> [Exercise description]:
After finding "Hotel con parco" in the material below, output its line and every line after it through the last, exactly, but not the pictures.

** Provided entries follows **

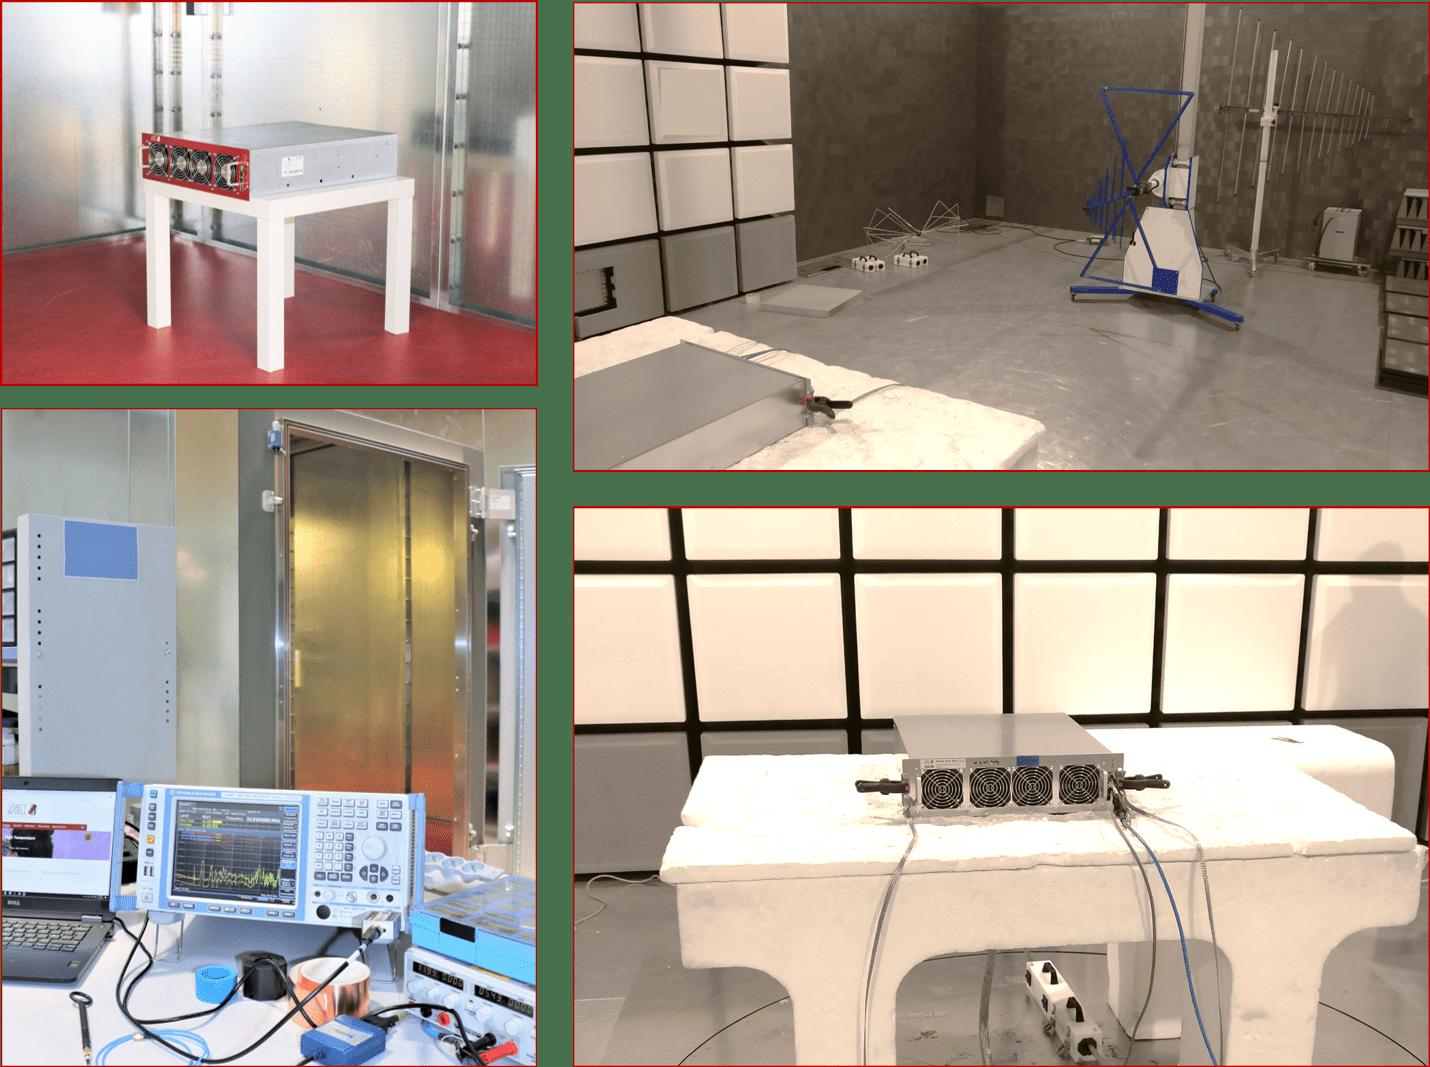 EMC lab equipment
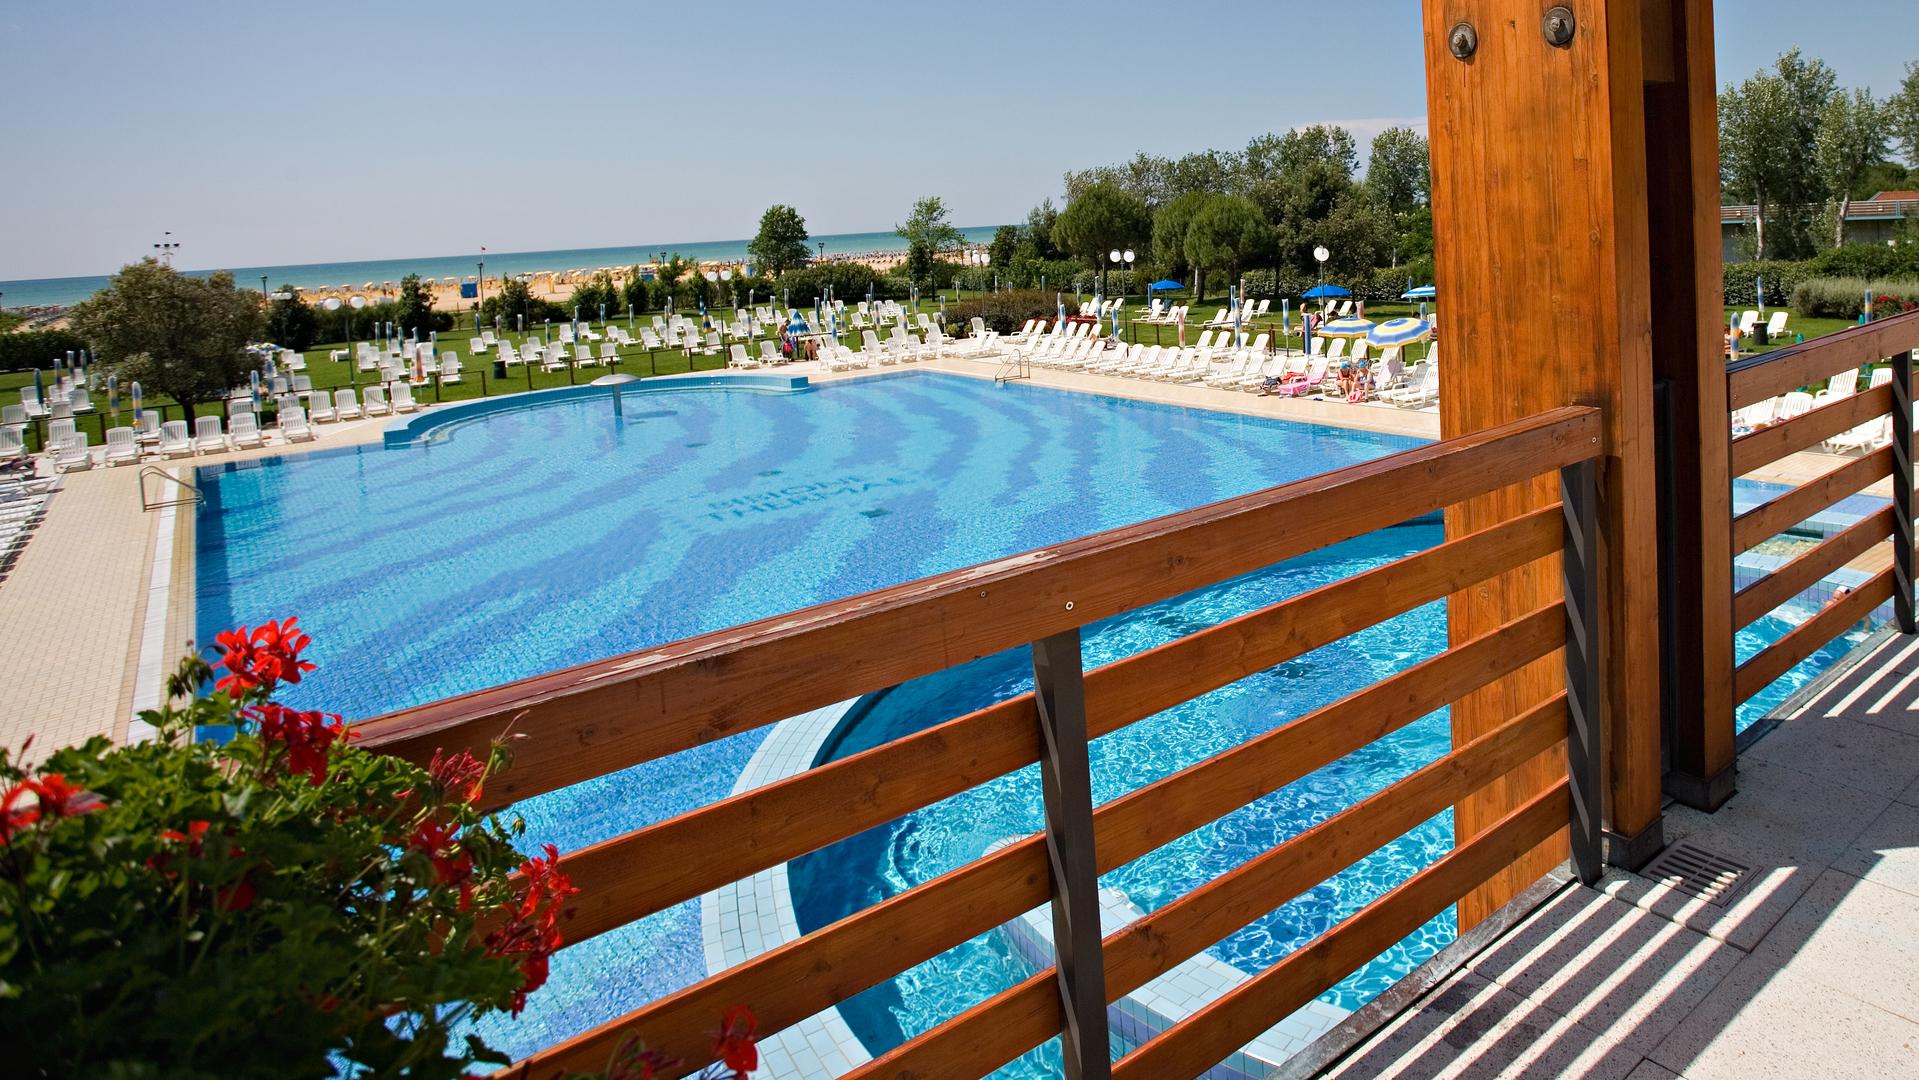 Hotel con parco termale a bibione savoy beach hotel - Hotel bibione con piscina ...
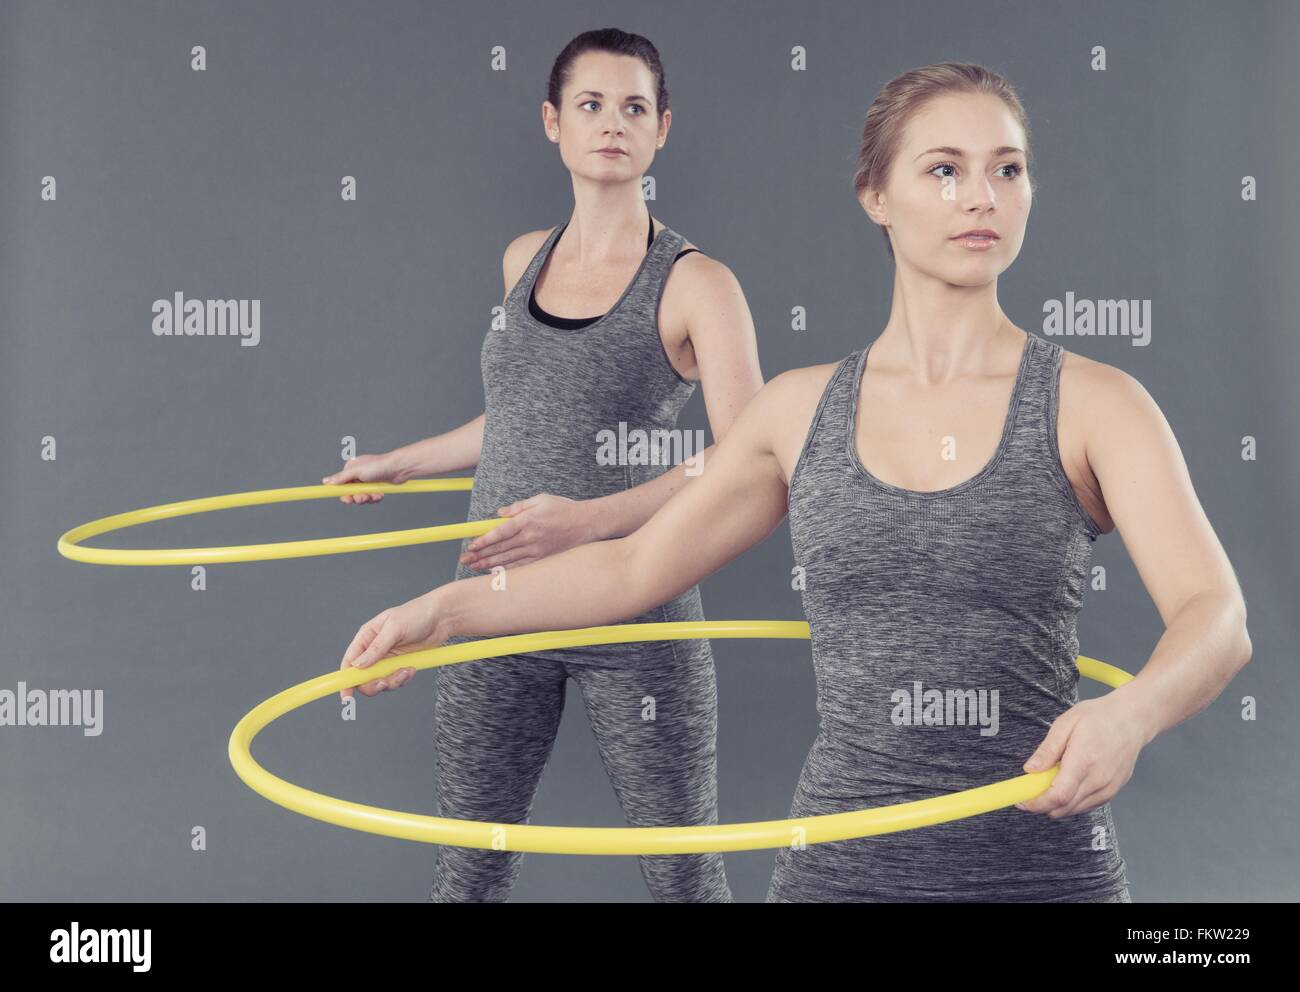 Junge Frauen, die sich darin üben, mit Hula-Hoop, grauer Hintergrund Stockbild
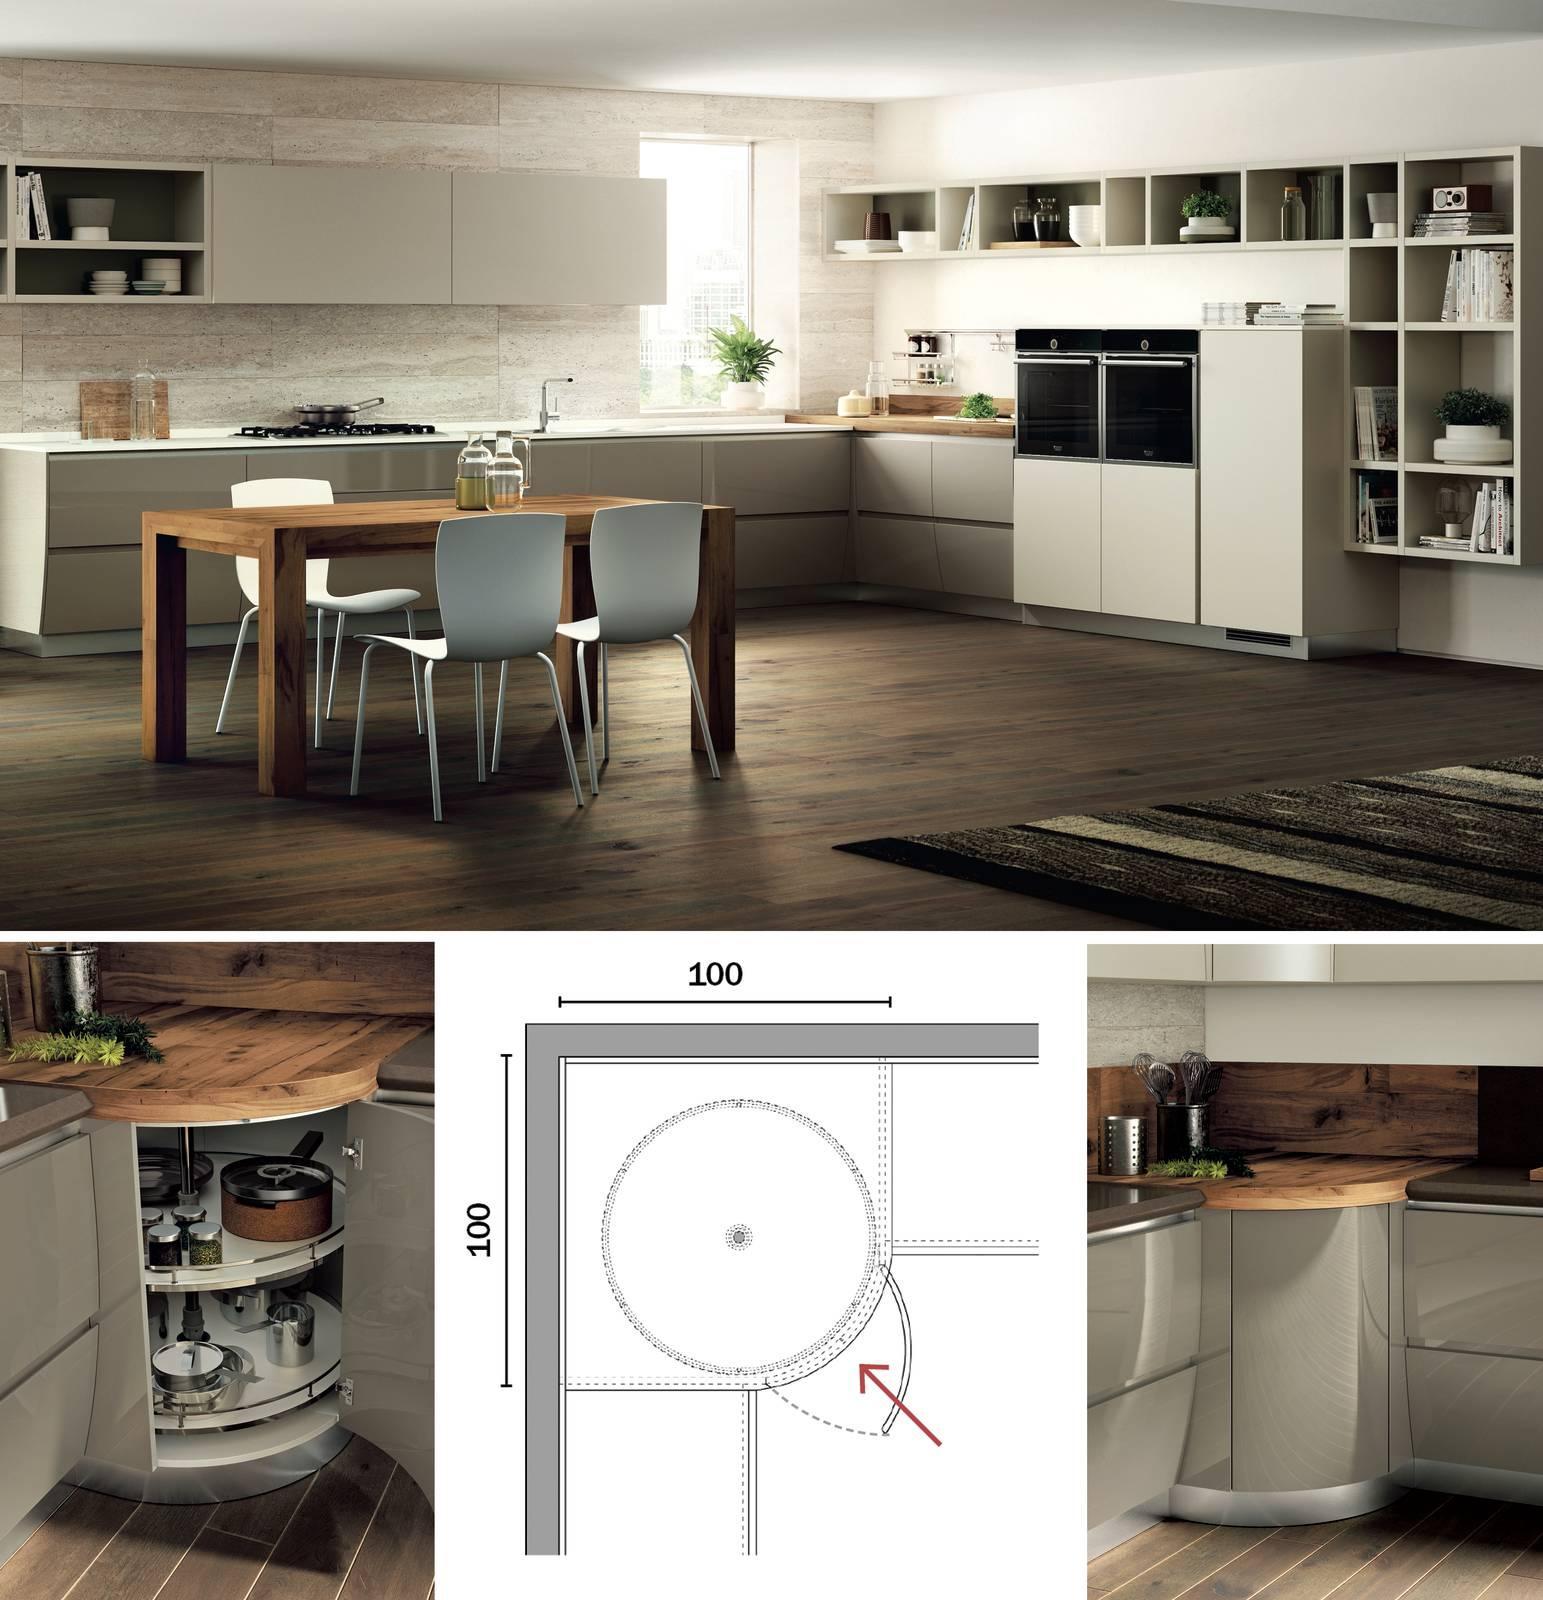 Immagini Cucine Ad Angolo cucine ad angolo ben sfruttate - cose di casa
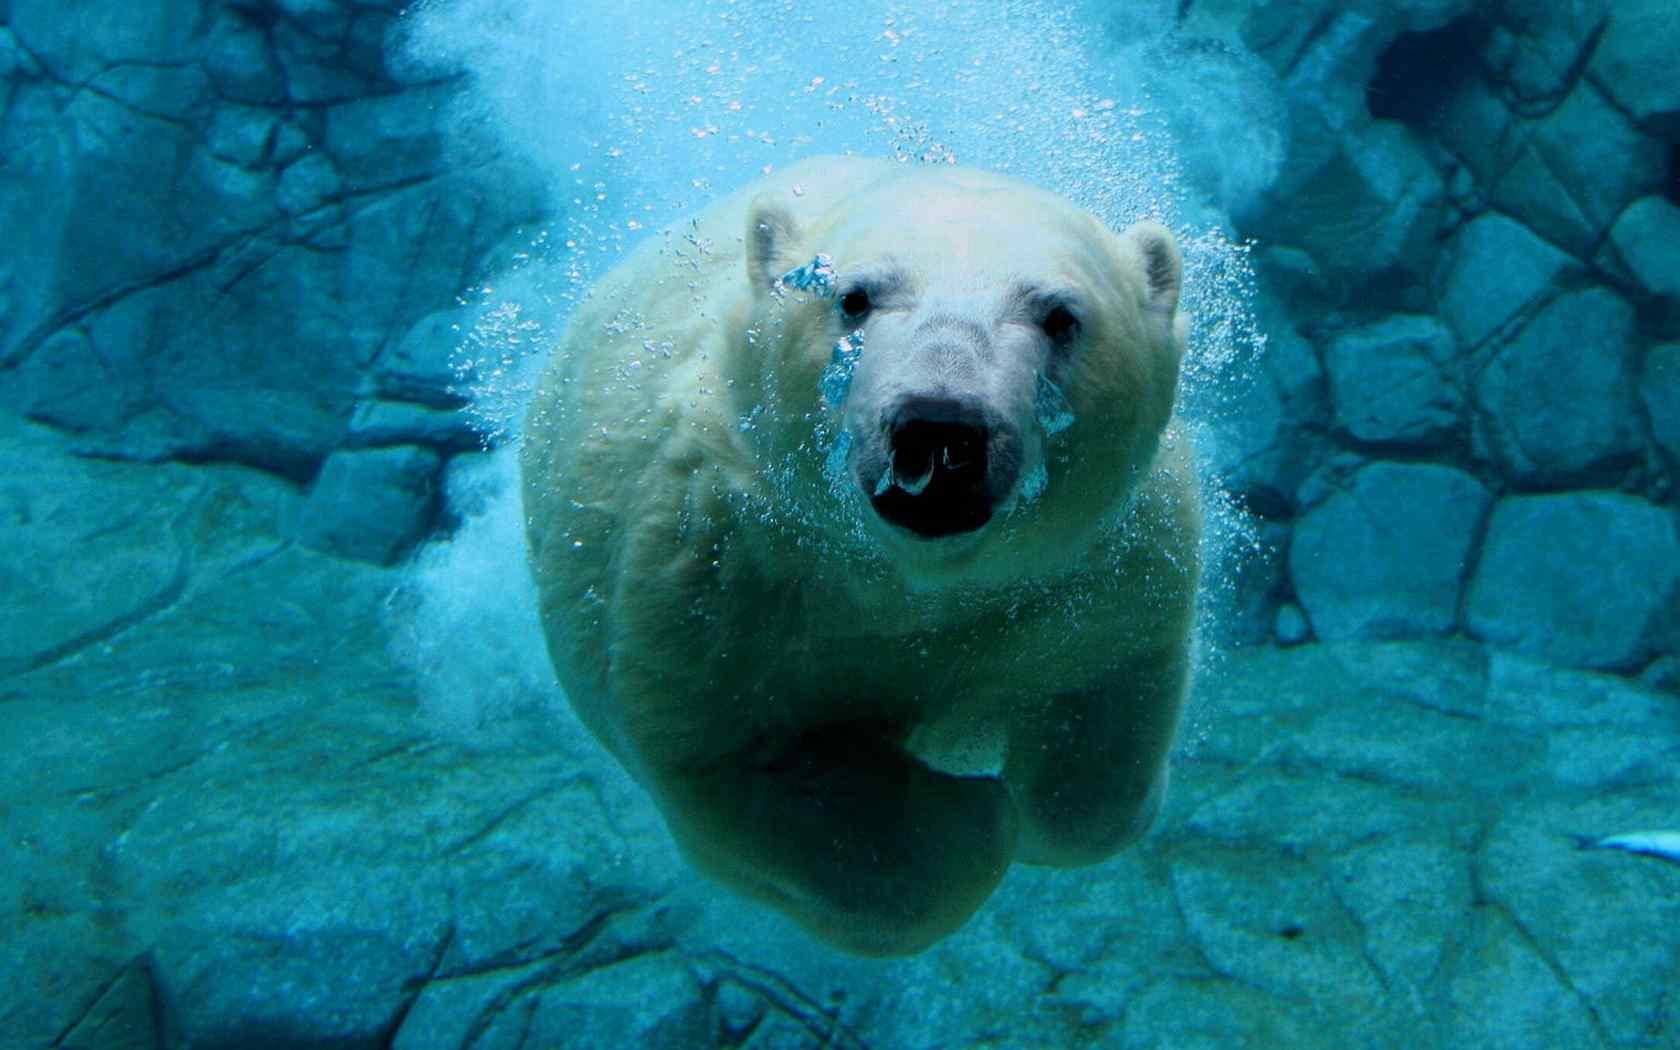 动物壁纸 > 在海里游泳的可爱北极熊高清电脑桌面

** End of Provided entries **

> [Finished exercise]:
 Hotel con parco termale a bibione savoy beach hotel - Hotel bibione con piscina ...
 Junge Frauen, die sich darin üben, mit Hula-Hoop, grauer Hintergrund Stockbild
 Immagini Cucine Ad Angolo cucine ad angolo ben sfruttate - cose di casa
 动物壁纸 > 在海里游泳的可爱北极熊高清电脑桌面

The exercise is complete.